In this paper we propose a new approximate multiplier design where it is used in the implementation of MAC unit which can enhance the performance of the MAC. An accuracy-controllable approximate multiplier has been designed on this paper that requires a lot less region and has a reduced path dispose of in evaluation to the conventional layout. Its dynamic accuracy controllability is found out by using manner of the proposed CMA. Both the circuit stage and application diploma are evaluated for the proposed multiplier.

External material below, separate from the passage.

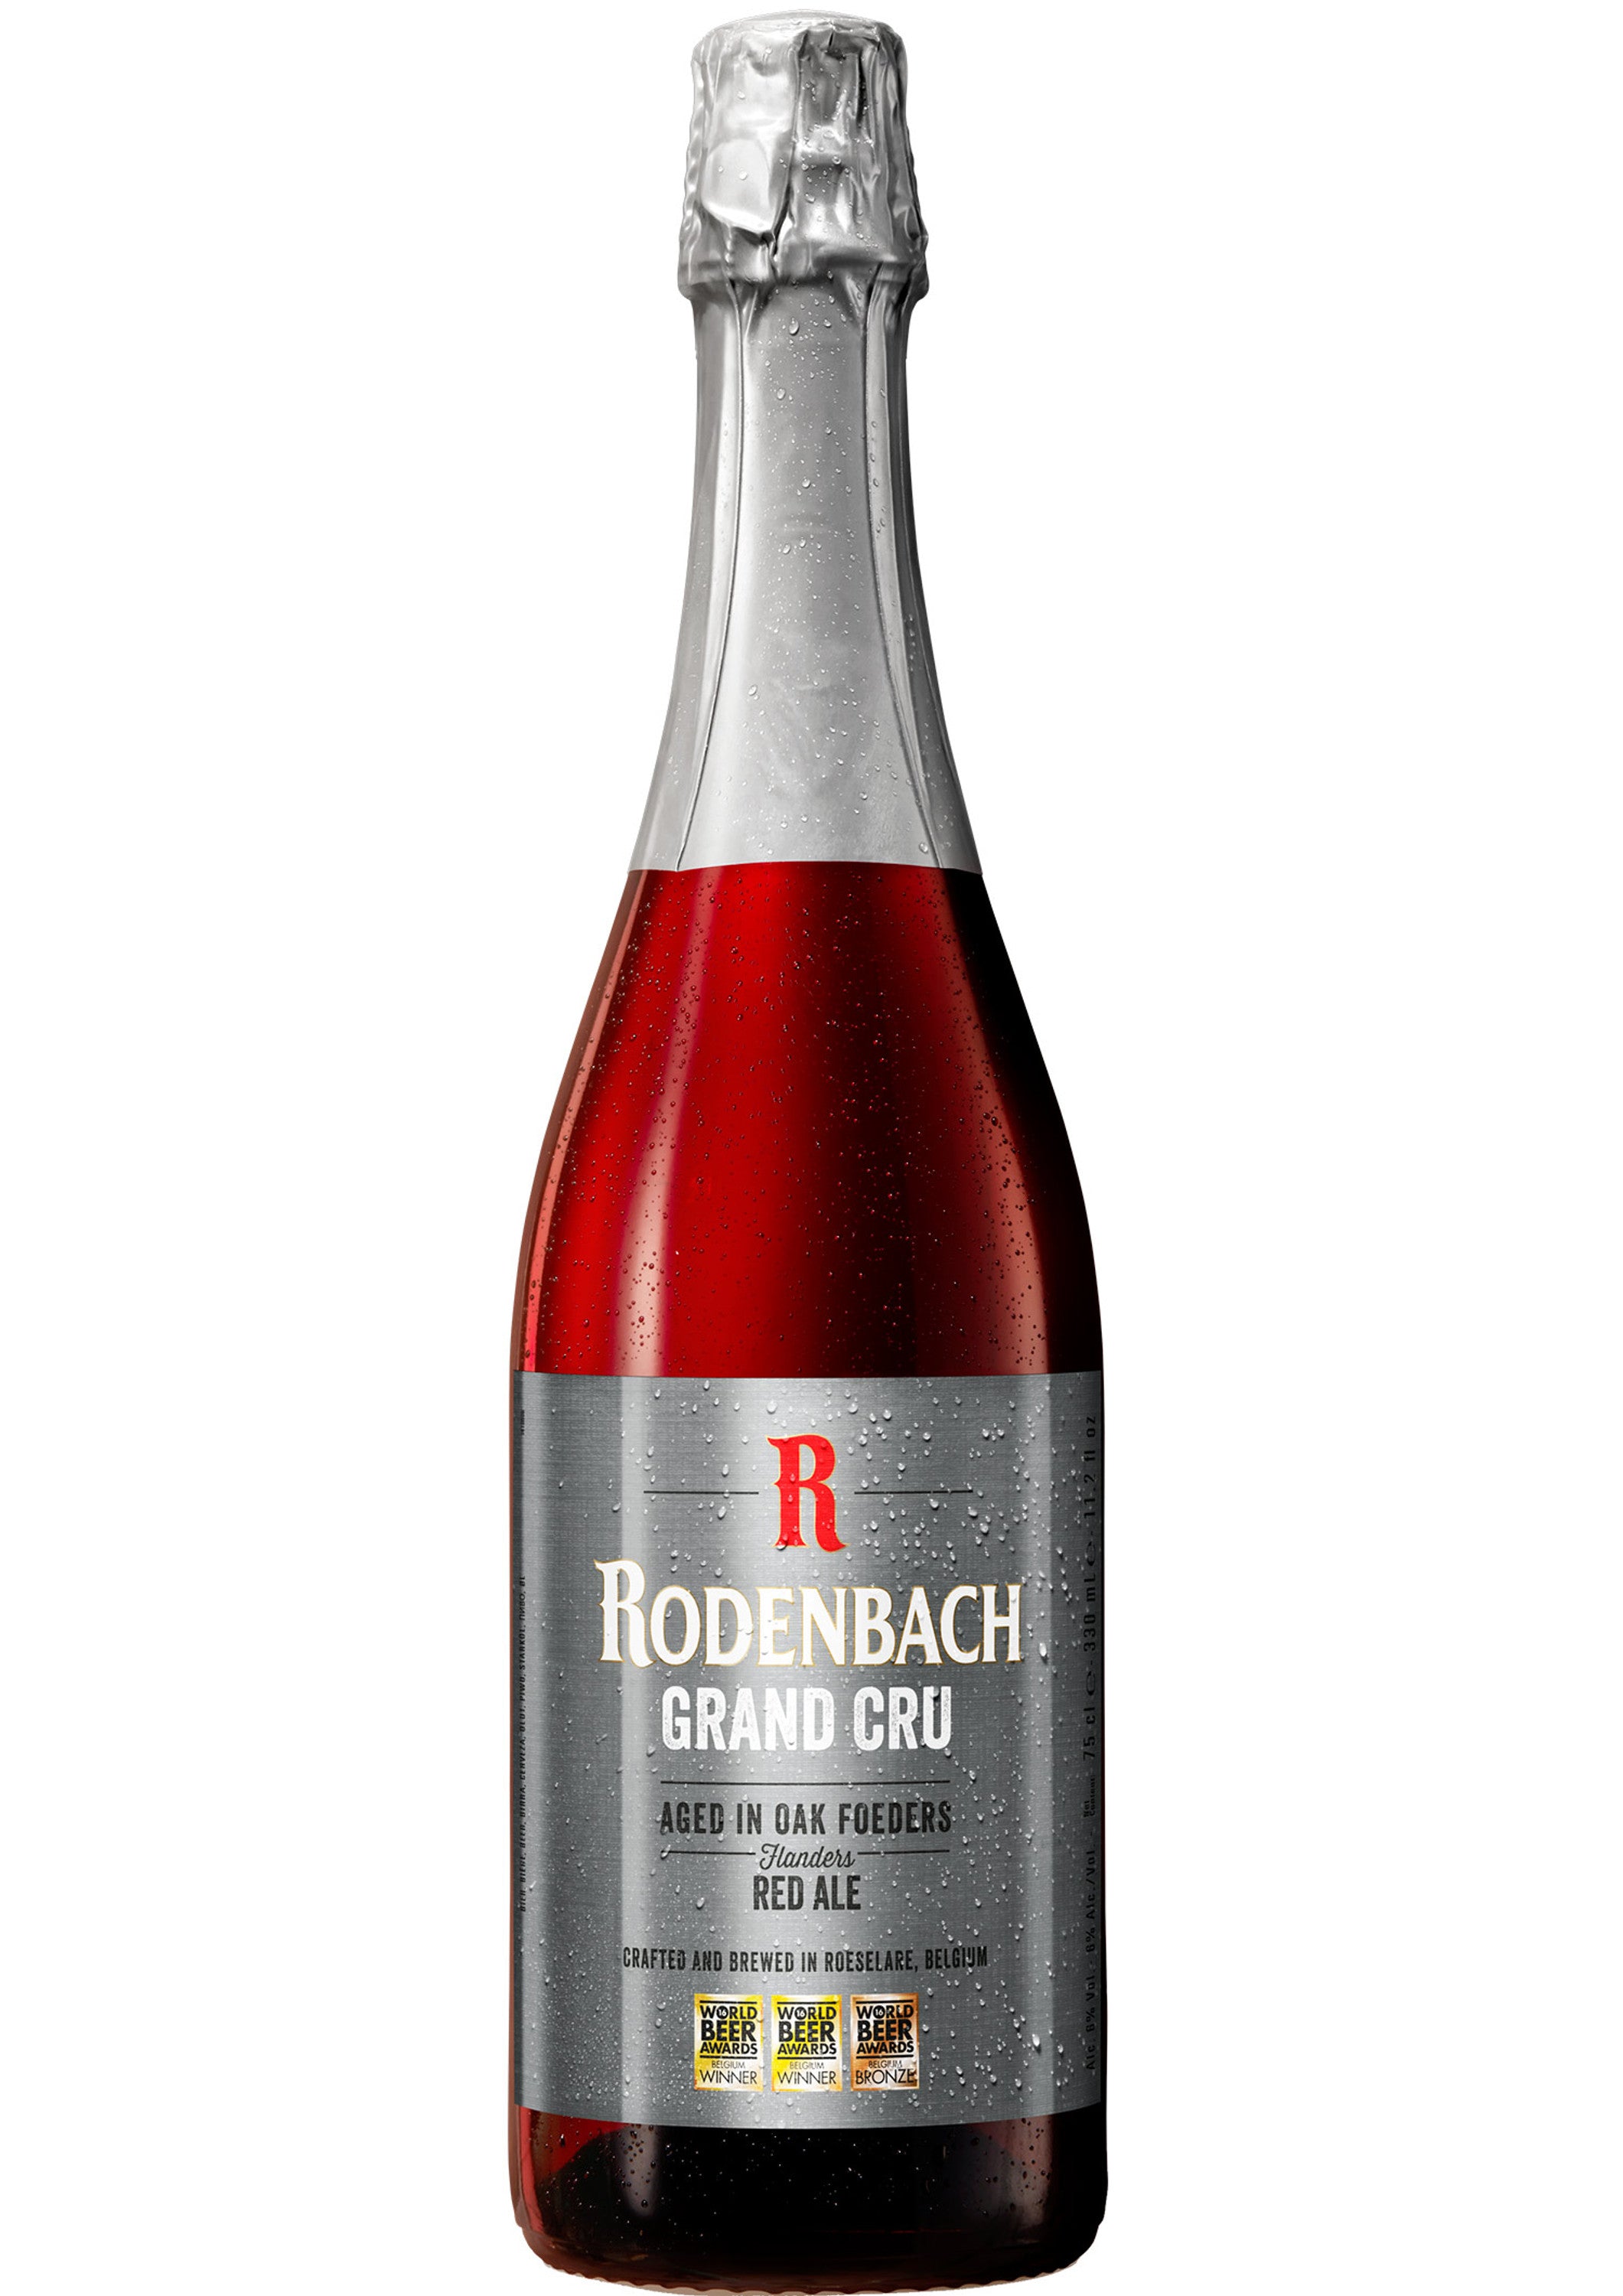 Rodenbach Grand Cru Bier - Das belgische Spezialbier - Flämisches Ale mit 6,0% Vol.

The experimental effects display that the proposed multiplier becomes able to supply considerable strength economic savings and speed with the useful resource of maintaining a considerably smaller circuit location than that of the conventional Wallace tree multiplier so that The proposed MAC introduced extra improvements in both power consumption and path delay than other formerly studied approximate MAC units.

#### REFERENCES

- S. Venkataramani, V. K. Chippa, S. T. Chakradhar, K. Roy, and A. Raghunathan. "Quality programmable vector processors for approximate computing," 46th Annual IEEE/ACM International Symposium on Microarchitecture (MICRO), pp. 1-12, Dec. 2013.
- [2] H. R. Mahdiani, A. Ahmadi, S. M. Fakhraie, and C. Lucas, "Bio-Inspired imprecise computational blocks for efficient VLSI implementation of Soft-Computing applications," IEEE Transactions on Circuits and Systems I: Regular Papers, vol. 57, no. 4, pp. 850-862, Apr. 2010.
- [3] C. Liu, J. Han, and F. Lombardi, "A Low-Power, High-Performance approximate multiplier with configurable partial error recovery," Design, Automation & Test in Europe Conference & Exhibition (DATE), Mar. 2014.
- [4] S. Hashemi, R. I. Bahar, and S. Reda, "DRUM: A Dynamic Range Unbiased Multiplier for approximate applications," IEEE/ACM International Conference on Computer-Aided Design (ICCAD), pp. 418- 425, Nov. 2015.
- [5] B. Moons, M. Verhelst, "DVAS: Dynamic Voltage Accuracy Scaling for increased energy-efficiency in approximate computing," IEEE/ACM International Symposium on Low Power Electronics and Design (ISLPED), Jul. 2015.
- [6] A. Momeni, J. Han, P. Montuschi, and F. Lombardi, "Design and analysis of approximate compressors for multiplication," IEEE Transactions on Computers, vol. 64, no. 4, pp. 984-994, Apr. 2015.
- [7] K. C. Bickerstaff, E. E. Swartzlander, and M. J. Schulte, "Analysis of column compression multipliers," 15th IEEE Symposium on Computer Arithmetic, pp. 33-39, Jun. 2001.
- [8] Z. Yang, J. Han, and F. Lombardi, "Approximate compressors for Error- Resilient multiplier design," IEEE International Symposium on Defect and Fault Tolerance in VLSI and Nanotechnology Systems (DFTS), pp. 183-186, Oct. 2015.
- [9] NanGate, Inc. NanGate FreePDK45 Open Cell Library, http://www.nangate.com/?page\_id=2325, 2008
- [10] J. Liang, J. Han, and F. Lombardi, "New metrics for the reliability of approximate and probabilistic adders," IEEE Transactions on computers, vol. 62, no. 9, pp. 1760-1771, Sep. 2013.

[11] M. S. Lau, K. V. Ling, and Y. C. Chu, "Energy-Aware probabilistic multiplier: Design and Analysis," 2009 international Conference on Compliers, architecture, and synthesis for embedded systems, pp. 281-290, Oct. 2009.

**M.N.Bhavana**, B.Tech in ECE from KKC Institute of Technology and Engineering, Puttur in 2017, and PG Scholar (VLSI) in Siddharth Institute of Engineering and Technology, Puttur, AP, India.

**J. Prasad Babu**, Completed his B.Tech degree from S.V.University, Tirupathi in 2006 and M.tech from PBR Viswodaya Institute of Technology and Science, Kavali in 2012 and Pursuing PhD from Vellore Institute of Technology, AP Amaravathi. He is currently working as an Associate Professor in Department of ECE in Siddharth Institute of Engineering and Technology, Puttur, AP, India.